BEGIN RECORDED INFORMATION
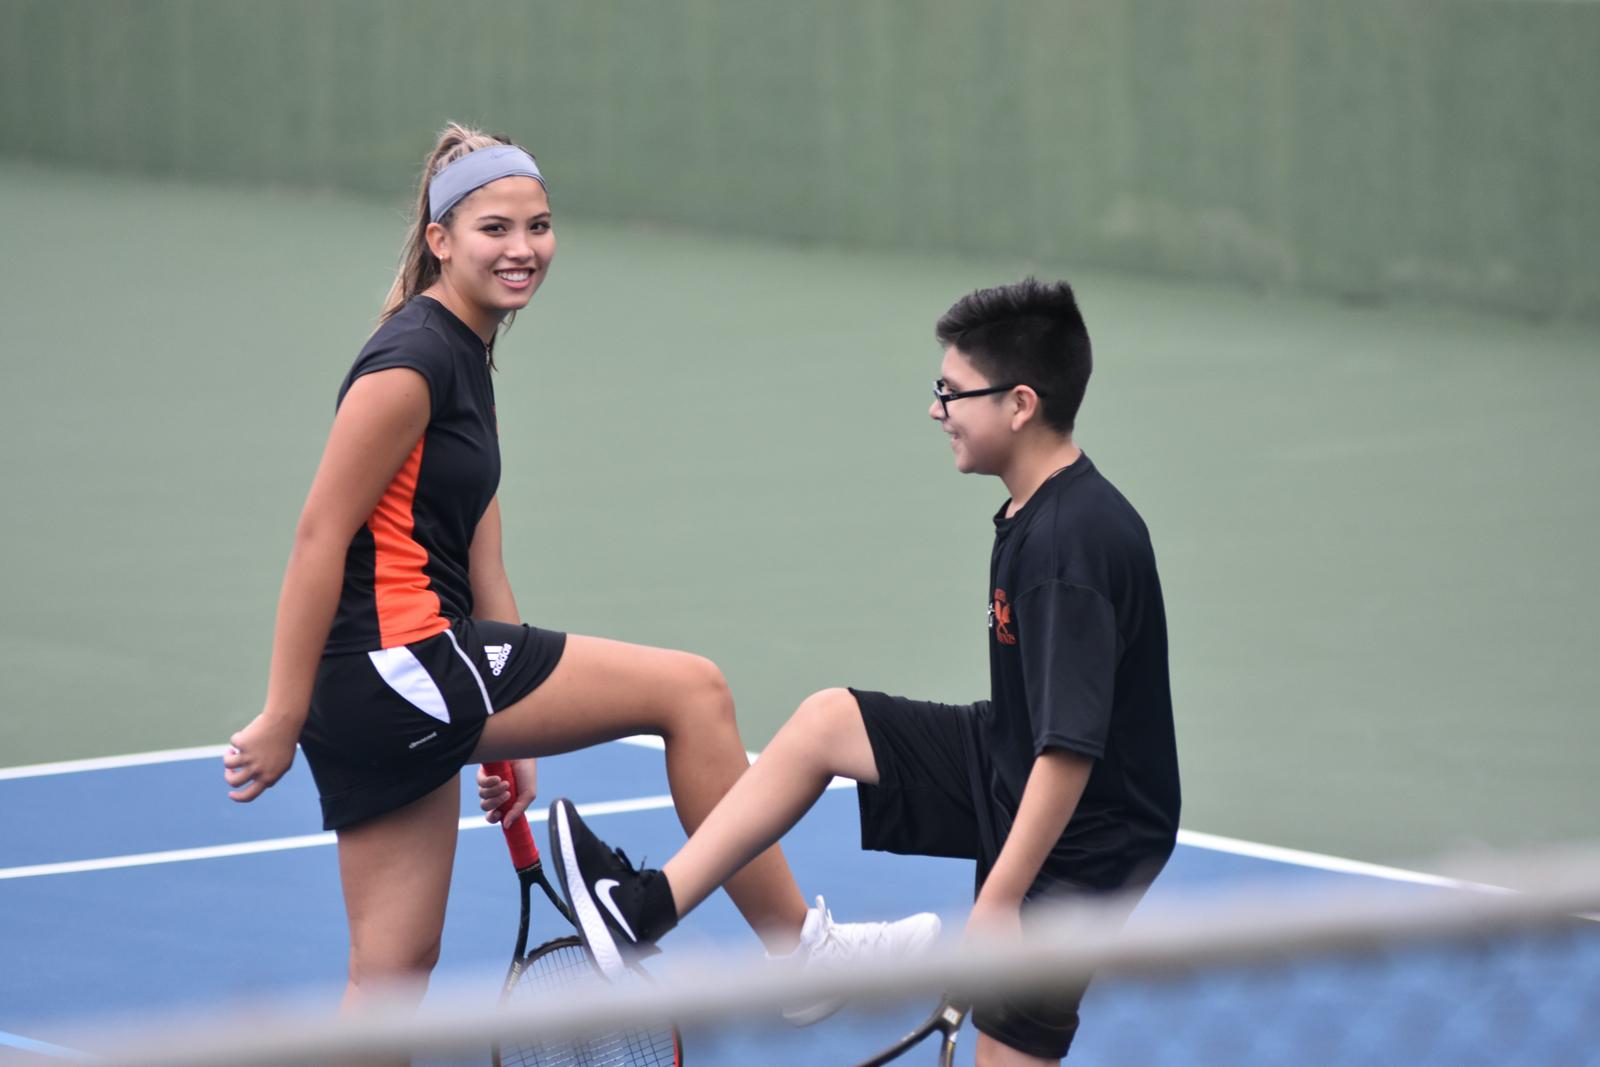 Photo gallery: North Dallas team tennis vs. Roosevelt — Sept. 23, 2020
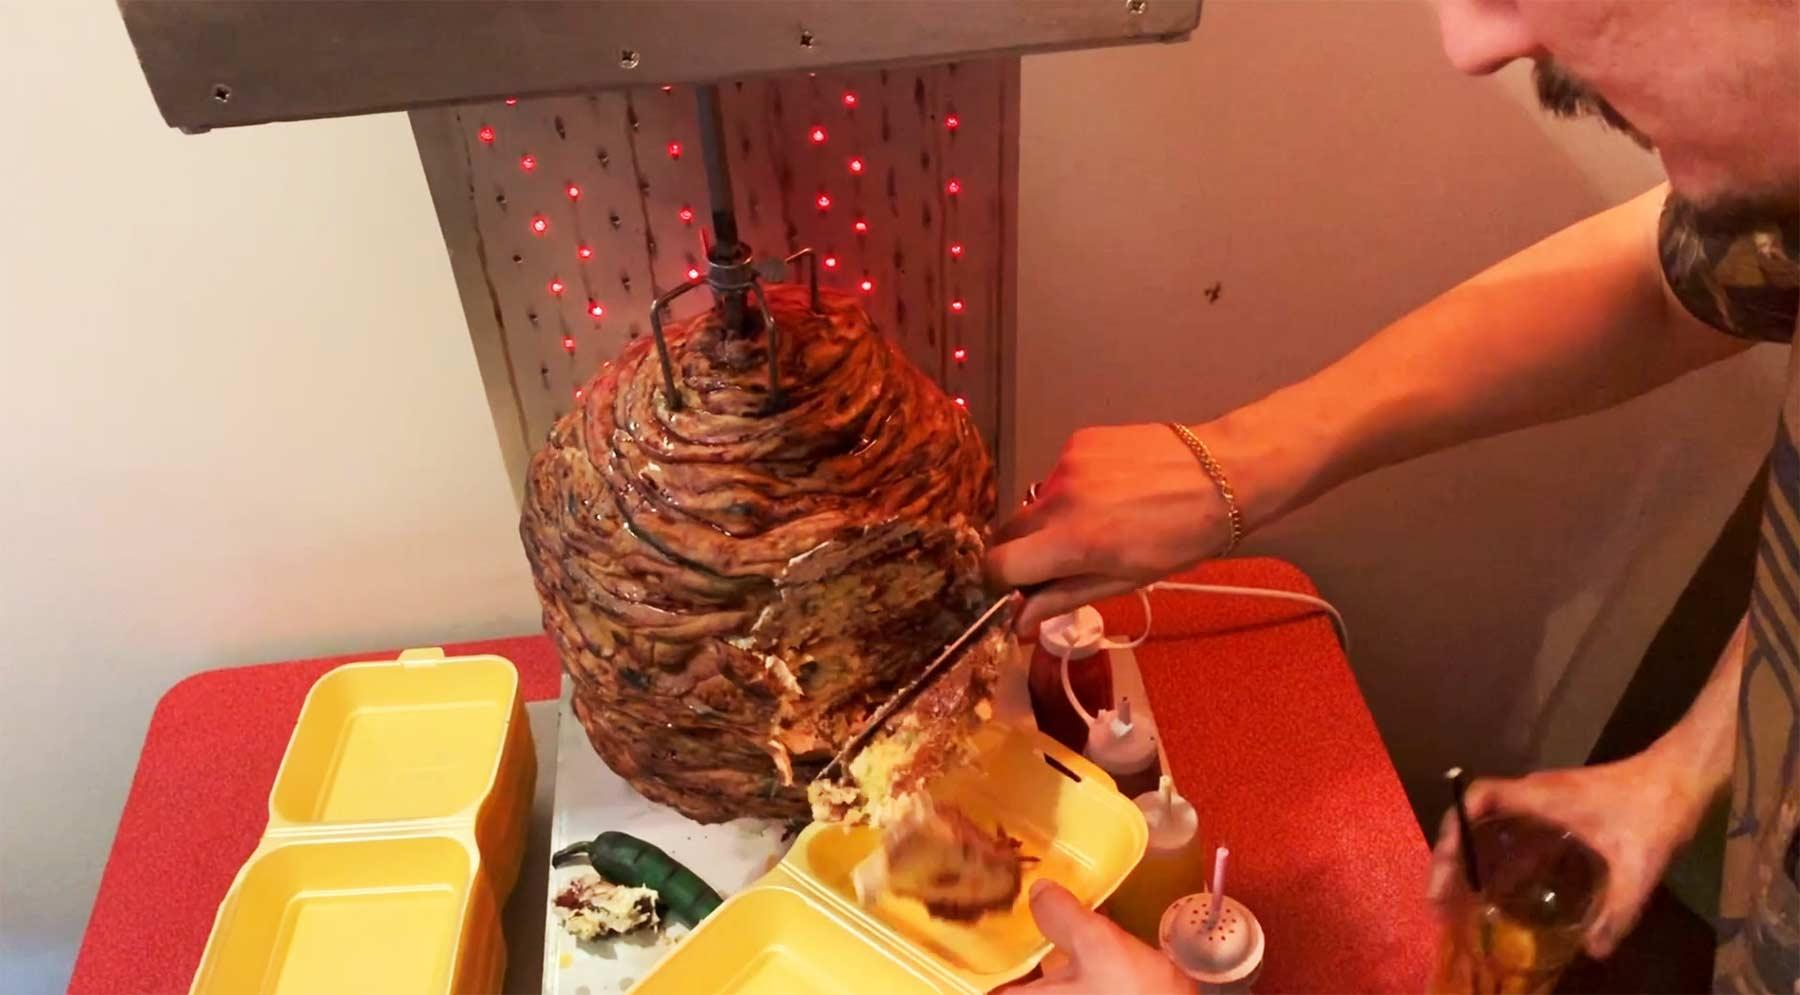 Döner-Kuchen doener-kuchen-kebab-cake
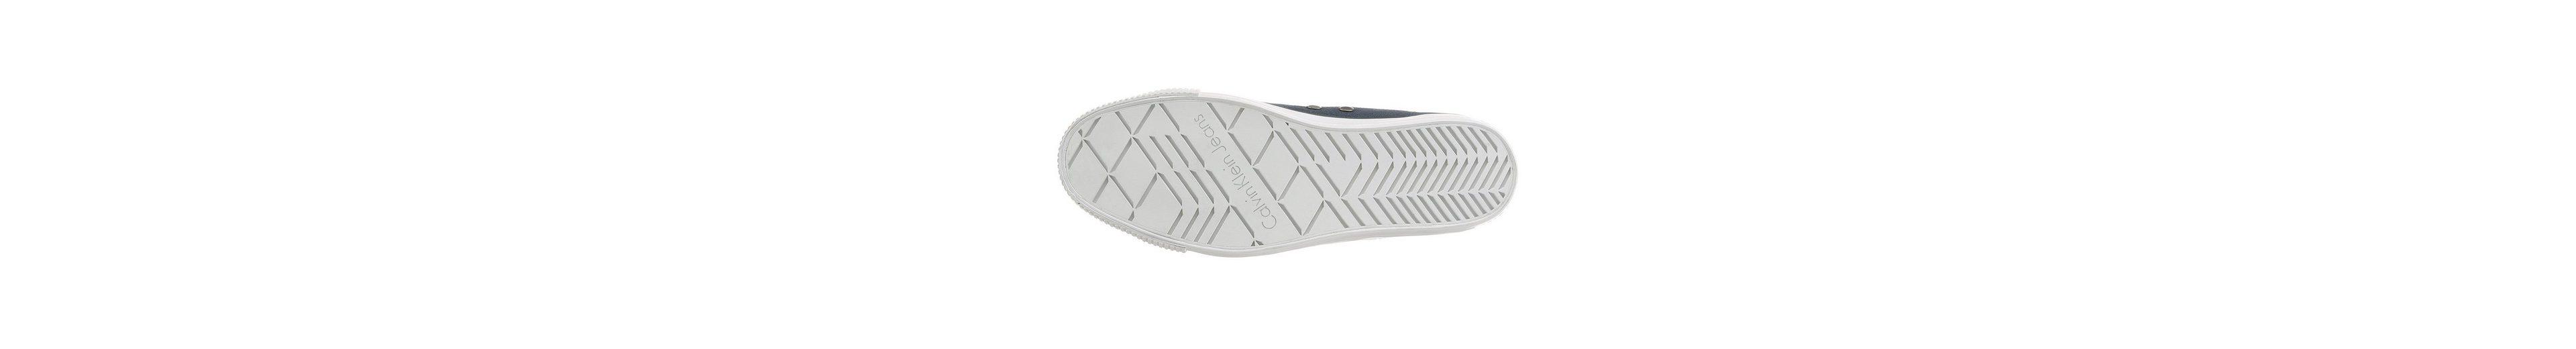 Calvin Klein Sneaker Billig Bester Laden Zu Bekommen Rabatt-Websites Freies Verschiffen Größte Lieferant zfsJDUnY2
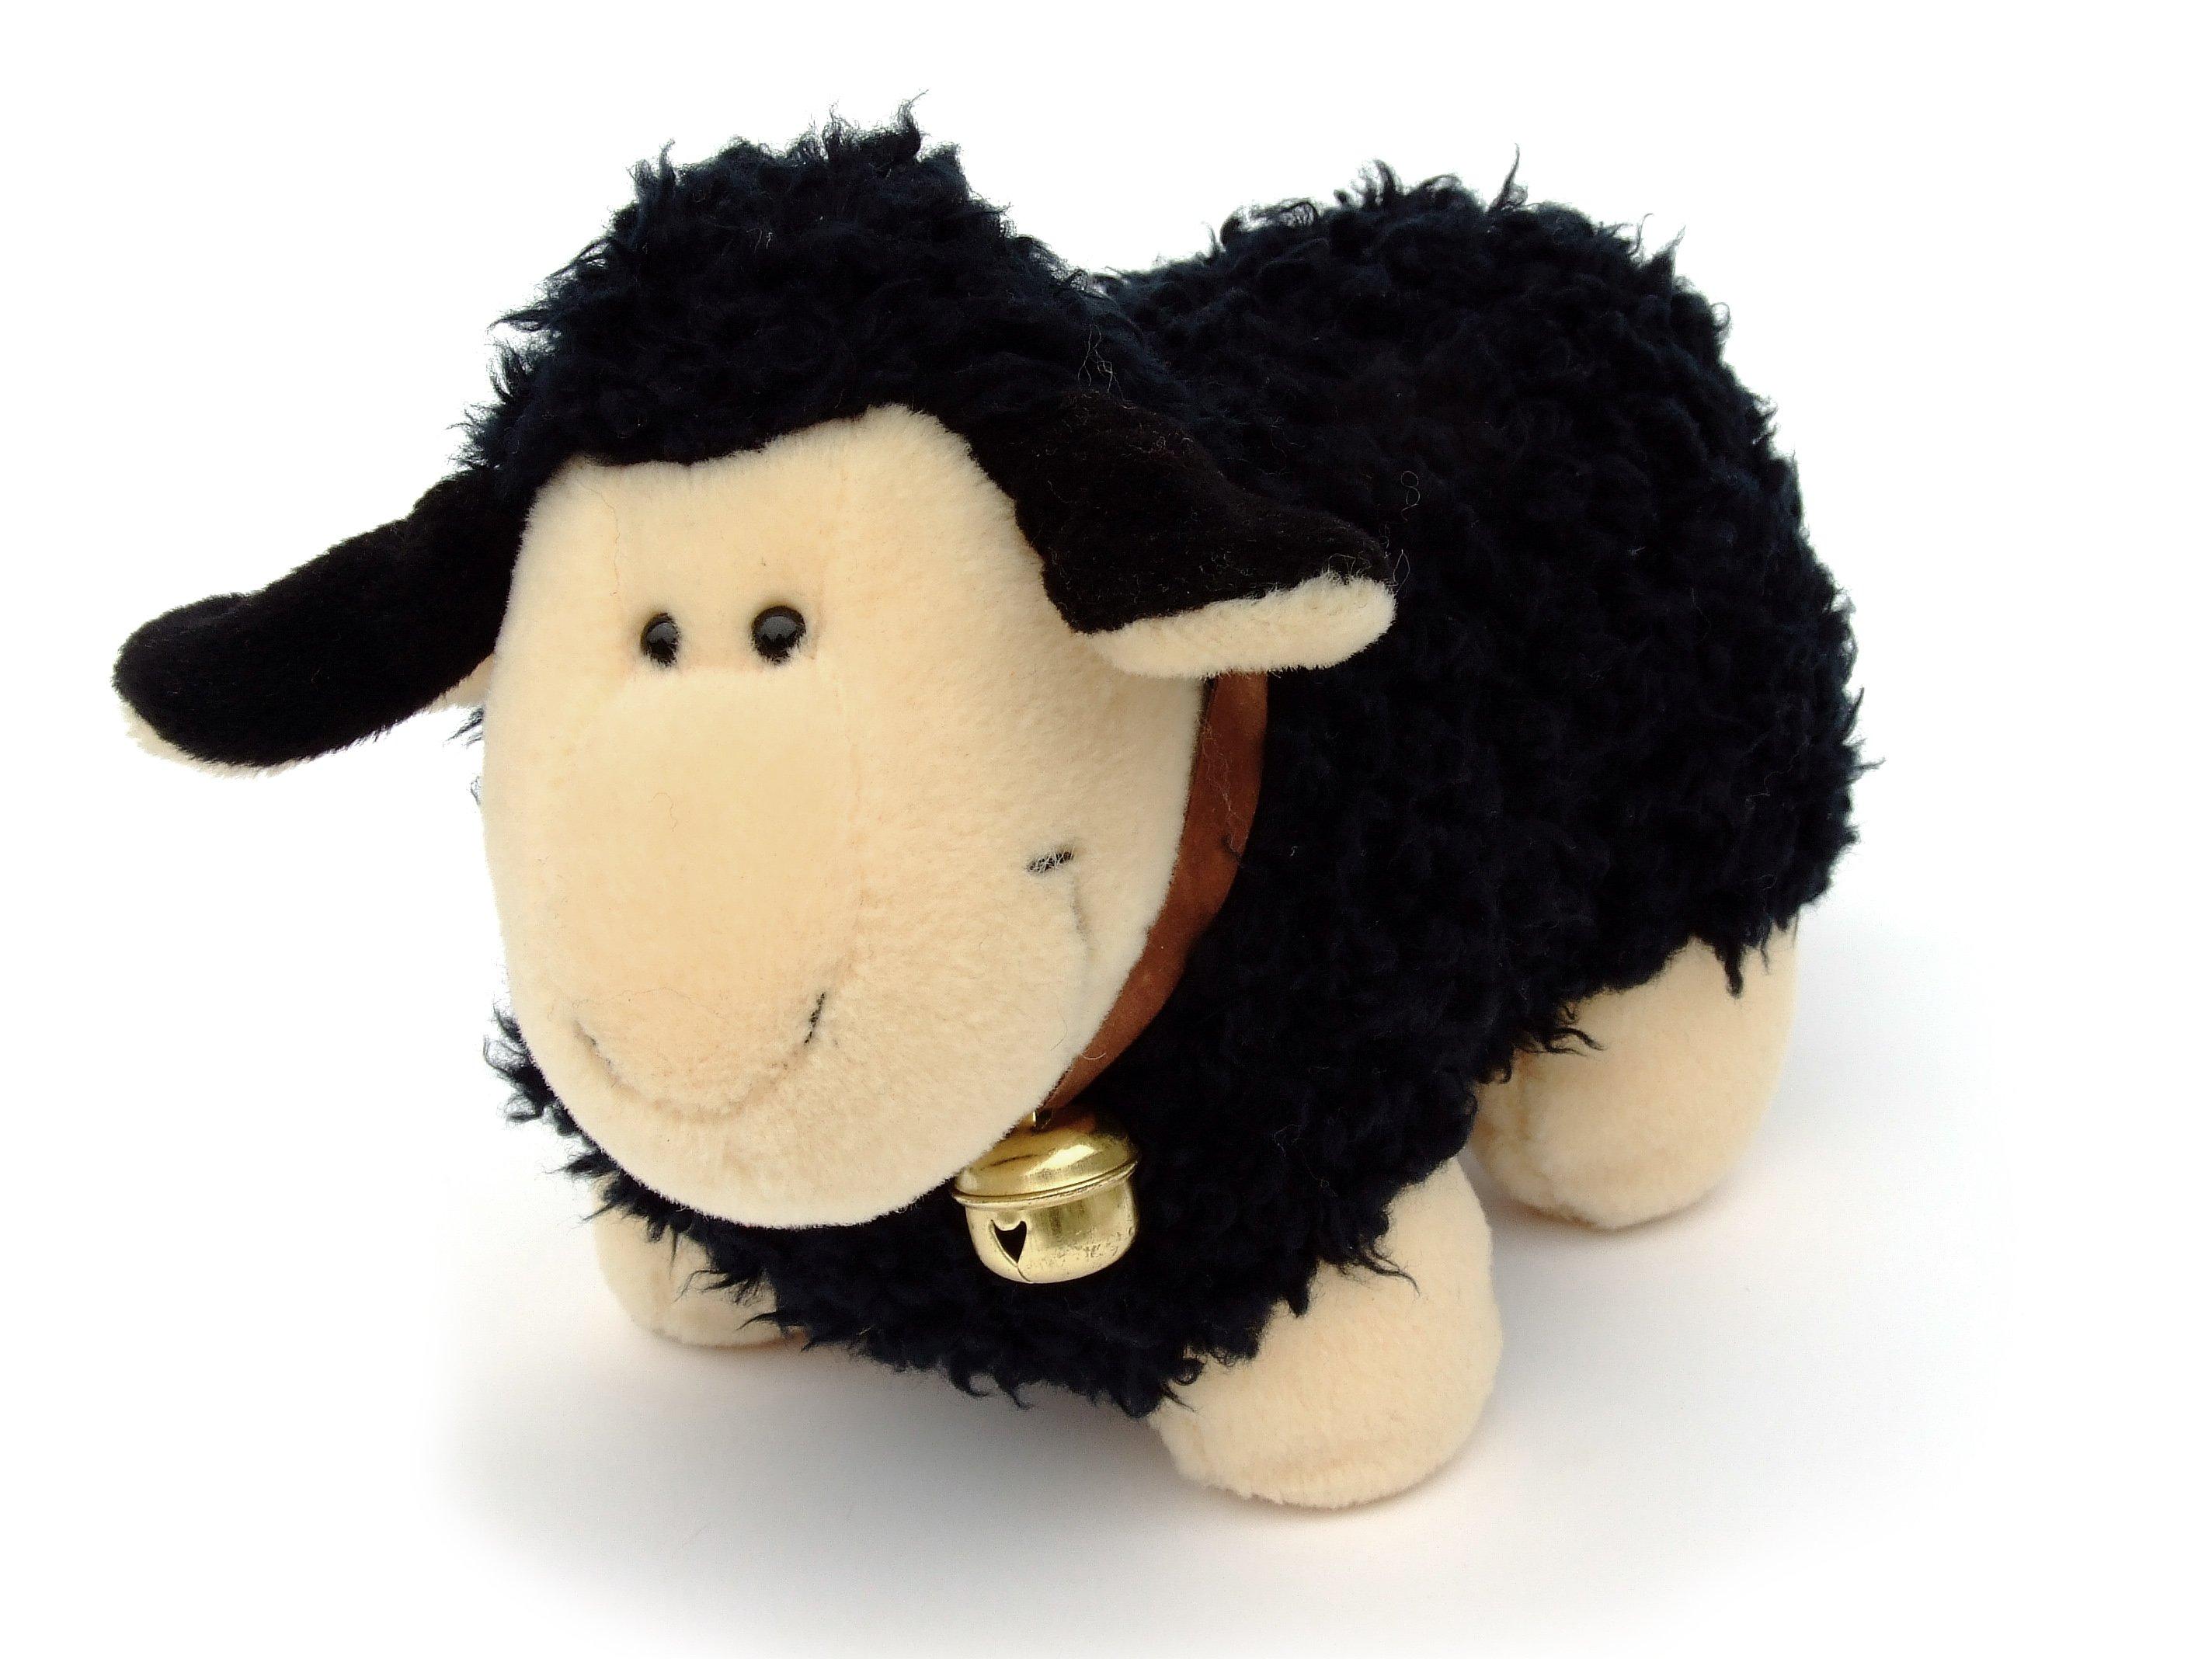 Baa Baa The Black Sheep Moral Stories That Enlighten Book Reviews
END RECORDED INFORMATION
**TASK ITEM:** Before handing back the copy, remove the pictures; otherwise print the data exactly.

**FINISHED EXERCISE:**
 Photo gallery: North Dallas team tennis vs. Roosevelt — Sept. 23, 2020
 Döner-Kuchen doener-kuchen-kebab-cake
 Calvin Klein Sneaker Billig Bester Laden Zu Bekommen Rabatt-Websites Freies Verschiffen Größte Lieferant zfsJDUnY2
 Baa Baa The Black Sheep Moral Stories That Enlighten Book Reviews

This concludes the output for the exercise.